Thanks for your reply but it didn’t explain why would oversampled/undersampling can help improve the prediction
 

hlsmith

Less is more. Stay pure. Stay poor.
#4
If you have an original sample of 1000 people with an outcome prevalence of 1%, a naive model approach would be to say everyone doesn't have the outcome and it would be 99% correct. But what if the outcome is very deadly - that model wouldn't be helpful even though it is accurate.

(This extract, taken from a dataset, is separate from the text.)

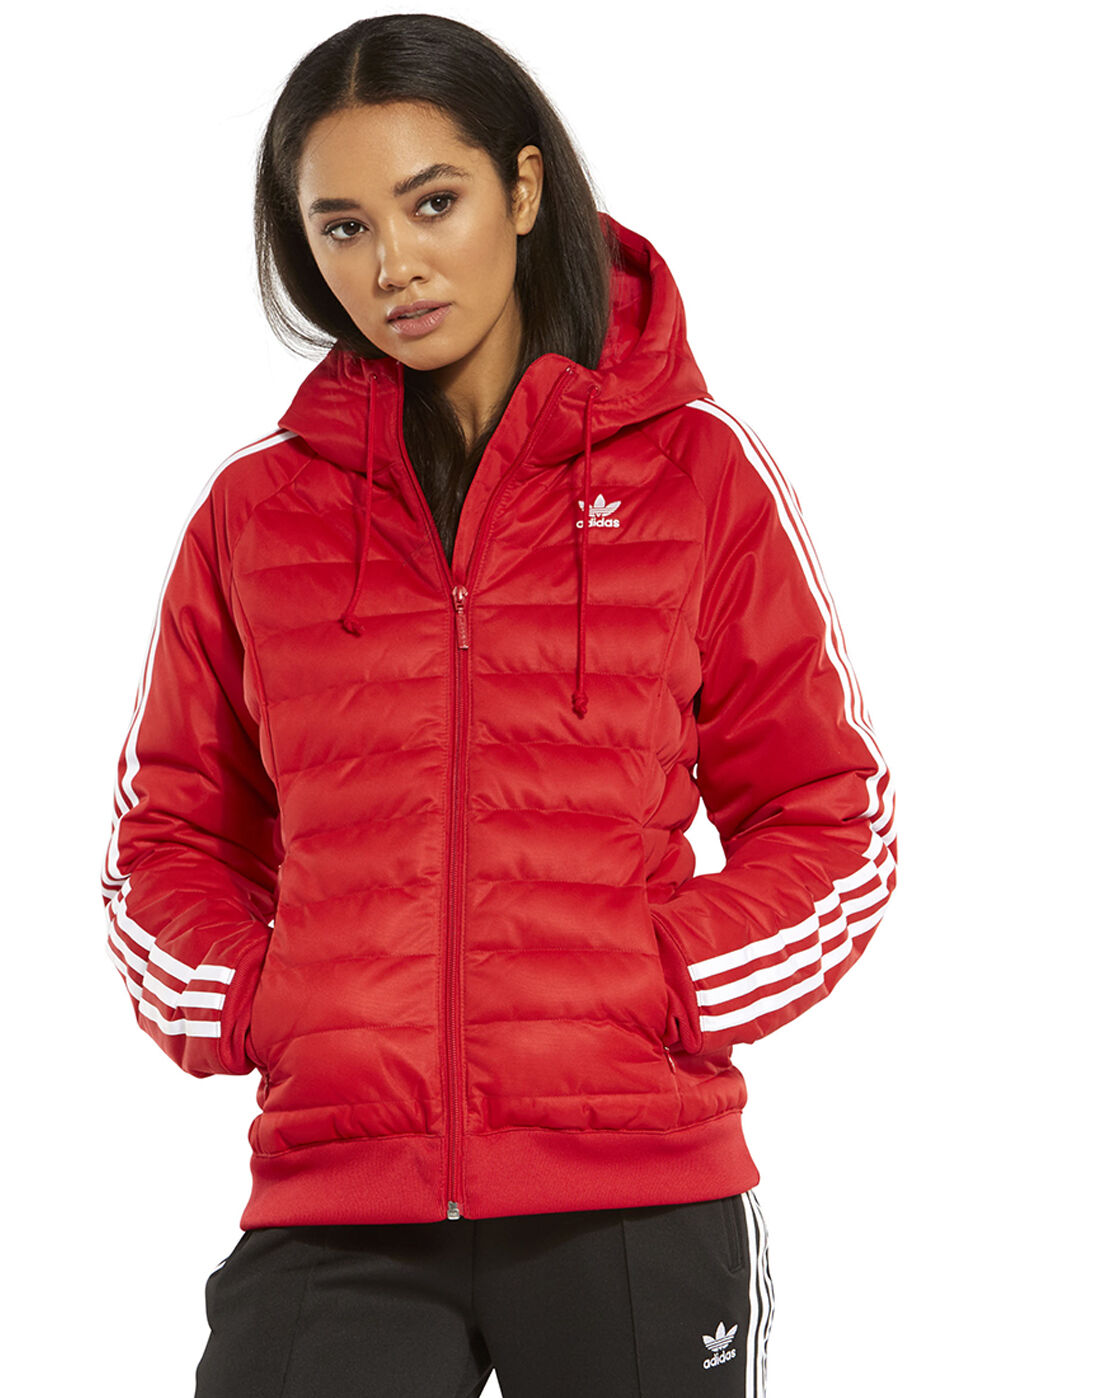 full adidas outfit women's

Well you want to figure out the most regular predictors of the outcome, but you only have 10 people. Do those 10 people represent everyone that could have had the outcome - due to sampling variability, etc. it is hard for the model to find a generalizable signal. So when you oversample you have more cases that represent what attributes may be associated with the outcome. Before doing this you could have had very sparse data, so of the 10 people with the outcome the were, 4 females, 3 older, and 2 unemployed. When you look further you could have 1 old female that is unemployed and in your sample, due to sparsity and sampling variability they may not have the outcome, but that subgroup is actually at higher risk - you just didn't have enough data to find the underlying signal. This is the purpose.

Of note there are multiple approaches such as oversampling, undersampling controls (not great for your setting), over-and undersampling, and also creating synthetic data (not great for your setting since you need more data to simulate more data). Also, you can penalized false positives or negatives by using a cost-penalty to help capture certain groups.
 
#5
If you have an original sample of 1000 people with an outcome prevalence of 1%, a naive model approach would be to say everyone doesn't have the outcome and it would be 99% correct. But what if the outcome is very deadly - that model wouldn't be helpful even though it is accurate.

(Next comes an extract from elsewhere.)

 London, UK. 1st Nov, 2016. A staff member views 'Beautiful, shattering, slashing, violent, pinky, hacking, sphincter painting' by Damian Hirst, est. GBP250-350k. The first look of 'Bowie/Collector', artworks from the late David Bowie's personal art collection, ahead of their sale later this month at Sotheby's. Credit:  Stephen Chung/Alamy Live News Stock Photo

Well you want to figure out the most regular predictors of the outcome, but you only have 10 people. Do those 10 people represent everyone that could have had the outcome - due to sampling variability, etc. it is hard for the model to find a generalizable signal. So when you oversample you have more cases that represent what attributes may be associated with the outcome. Before doing this you could have had very sparse data, so of the 10 people with the outcome the were, 4 females, 3 older, and 2 unemployed. When you look further you could have 1 old female that is unemployed and in your sample, due to sparsity and sampling variability they may not have the outcome, but that subgroup is actually at higher risk - you just didn't have enough data to find the underlying signal. This is the purpose.

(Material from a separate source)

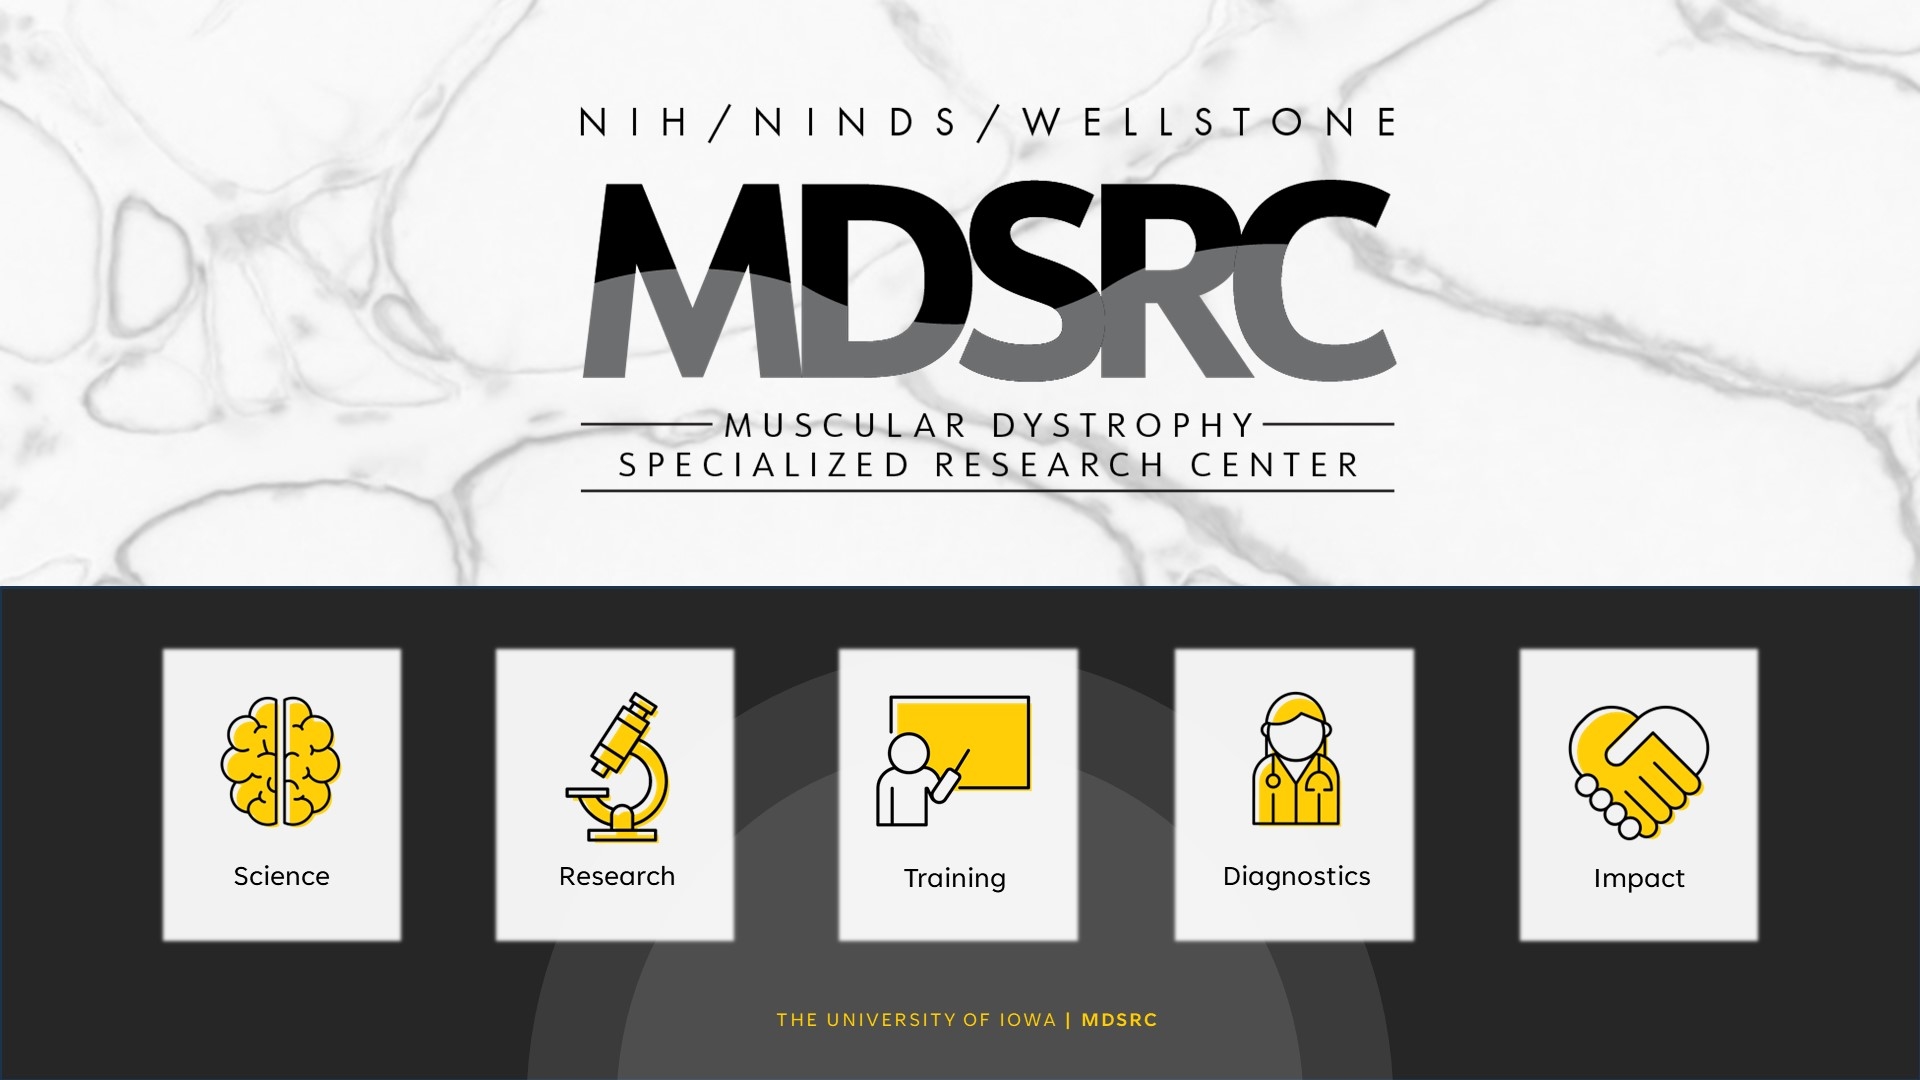 Introduction to Wellstone Muscular Dystrophy Specialized Research Center (MDSRC)

Of note there are multiple approaches such as oversampling, undersampling controls (not great for your setting), over-and undersampling, and also creating synthetic data (not great for your setting since you need more data to simulate more data). Also, you can penalized false positives or negatives by using a cost-penalty to help capture certain groups.
thanks for your reply. But there is only 1 person goes into bad. Not 10. The original data has proportion 1000:1 so 0.1%. I still don’t understand why duplicate this record would help?
 

hlsmith

Less is more. Stay pure. Stay poor.
#6
Oversampling means you collect 100K records so now you have 100 cases and you don't have to use all of the controls, perhaps only 100 matched controls. You are correct that if you have 1 case you are fucked, you can't create or duplicate if you have on!y 1. This is statistics not the highlander!
 

Dason

Ambassador to the humans
#7
Sometimes a false positive means somebody is very slightly inconvenienced and a false negative means somebody might die. In some cases it's important to have a model that can hopefully identify cases that might have a chance of being a the event you're looking for.